Our examination of the eases leads to the conclusion that *352the practice has not been uniform. "Where, however,, the specifications in the assignment of errors are so defective as to enable the court to know from an examination of such assignment and of the record in the case that no question is presented affecting the validity of the judgment of the lower court, the better reason seems to favor a dismissal of the appeal rather than an affirmance of the judgment.

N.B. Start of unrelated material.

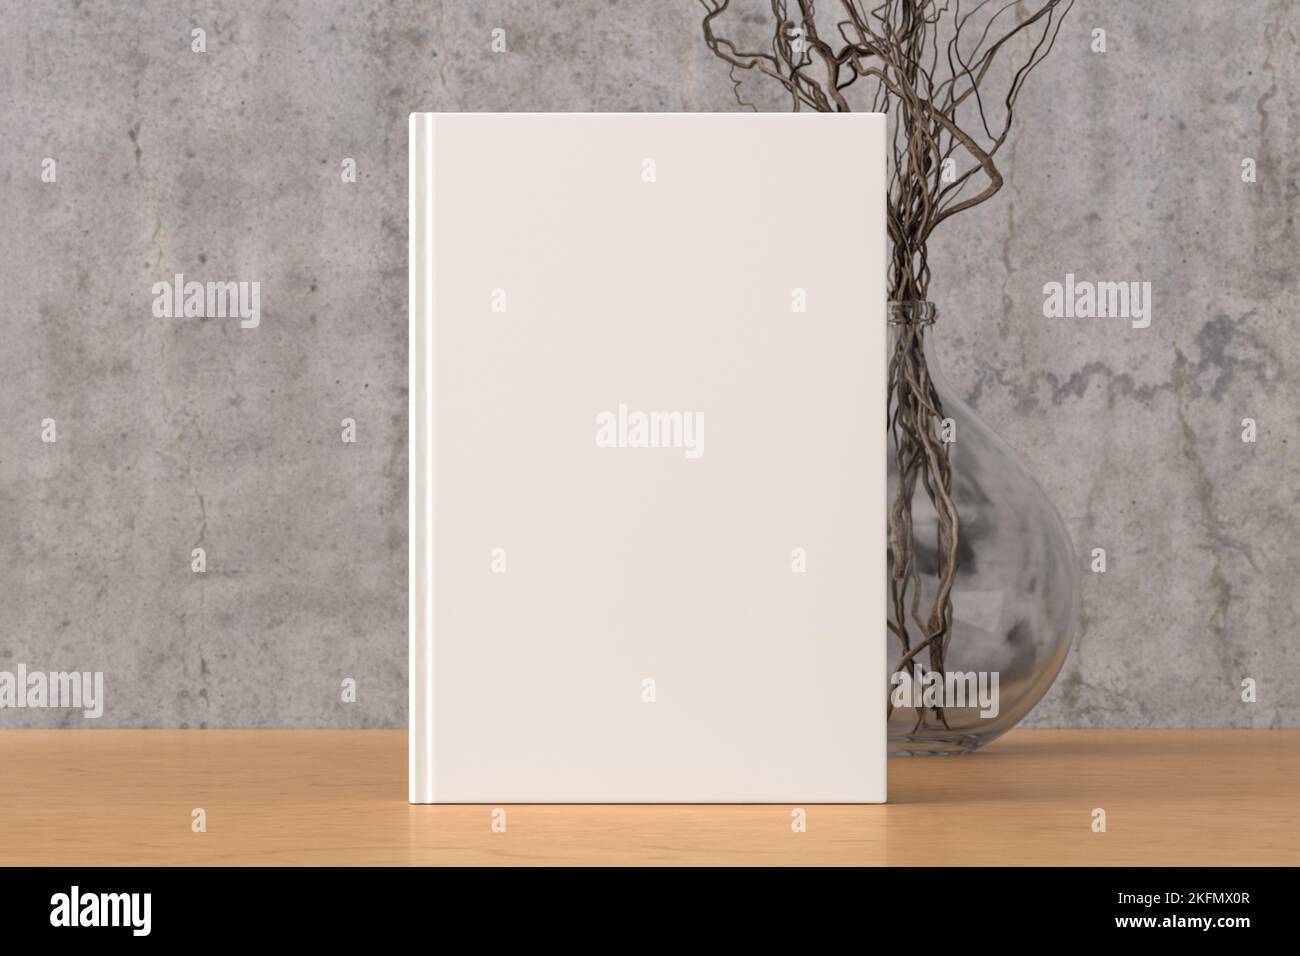 Vertical book cover mock up standing on a wooden desk with concrete wall background Stock Photo

The assignment of errors has been held to be the complaint on appeal. To it the court of appellate jurisdiction must look to determine what questions, if any, are presented for its consideration and decision. Preliminary to the consideration of any questions relating to the merits of the appeal, it is the duty of the court first to pass upon the facts from which its own jurisdiction 'or want of jurisdiction to decide the case upon its merits, is determined. If from such examination the court finds that under the statute and rules of the court no question affecting the validity of the judgment of the lower court is duly presented, the appeal should be dismissed. The presumption is in favor of the regularity of the proceedings, and of the validity of the judgment below. This presumption is conclusive until error is pointed out in accordance with the requirements of our appellate procedure.

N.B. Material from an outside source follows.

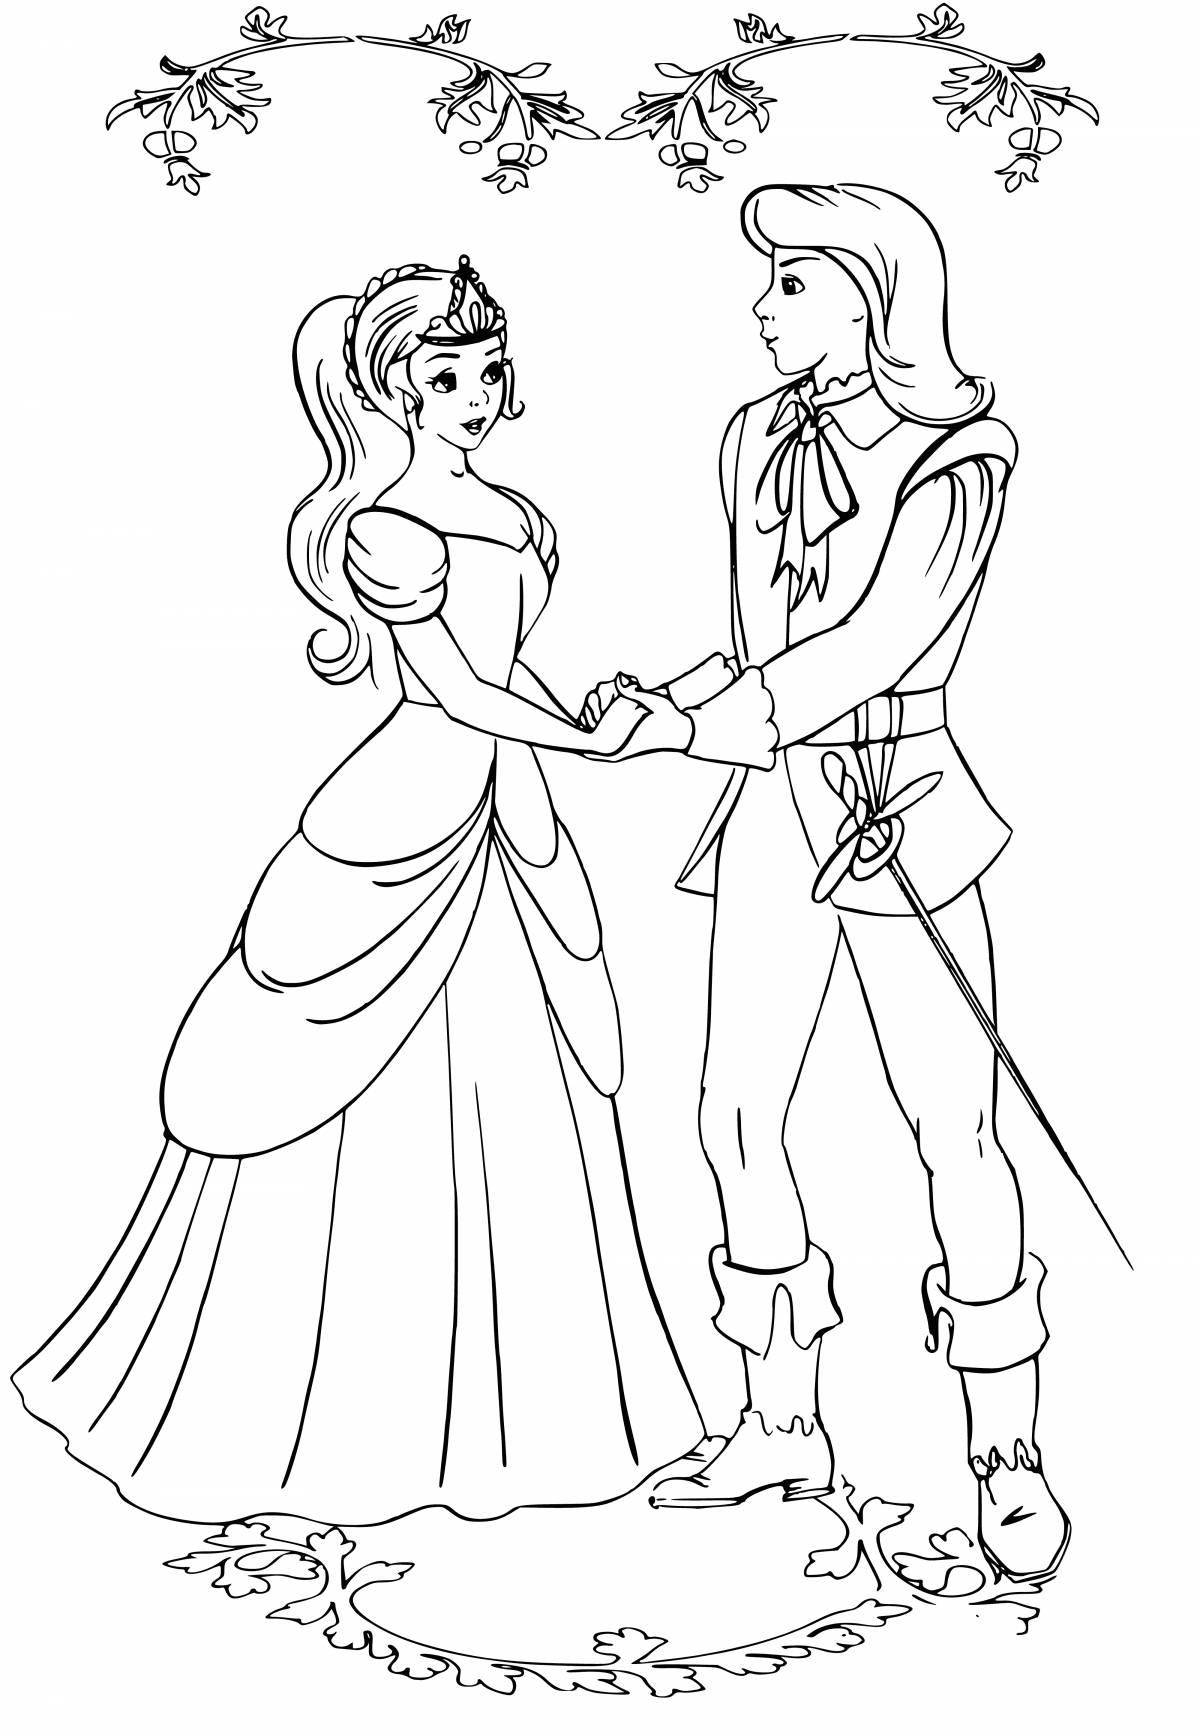 Fancy prince and princess coloring page

Where the appellate tribunal finds that no question affecting the validity of the judgment of the lower court is duly presented, the validity of such judgment, in legal contemplation, has not been challenged, notwithstanding an attempt has been made so to do. The judgment remains effective and in the same situation it would have been, had no assignment of errors, of any kind, been filed within the time allowed by law to perfect an appeal. As dealing with questions bearing some analogy to the question here decided, we cite the following: Ewbank’s Manual §124 et seq.j Elliott, App. Proc. §299, et seq.j Estate of Thomas v. Service (1883), 90 Ind. 128; Smythe v. Boswell (1888), 117 Ind. 365, 20 N. E. 263; Lawrence v. Wood (1890), 122 Ind. 452, 24 N. E. *353159; Jenkins v. Steele (1913), 55 Ind. App. 11, 103 N. E. 365, 367, and cases cited; Webster v. Bligh (1912), 50 Ind. App. 56, 98 N. E. 73; Harting v. Vandalia Coal Co. (1912), 50 Ind. App. 98, 98 N. E. 132. The appeal is dismissed.

Note. — Reported in 107 N. E. 35. As to how far amendments are allowable to alter or vary the cause of action, see 34 Am. Dec. 158; 51 Am. St. 414. See, also, under (1) 2 Cyc. 989; (2) 2 Cyc. 1000; (3) 29 Cyc. 761; (4) 29 Cyc. 757 ; 2 Cyc. 1000; (5) 11 Cyc. 167; (6) 3 Cyc. 185.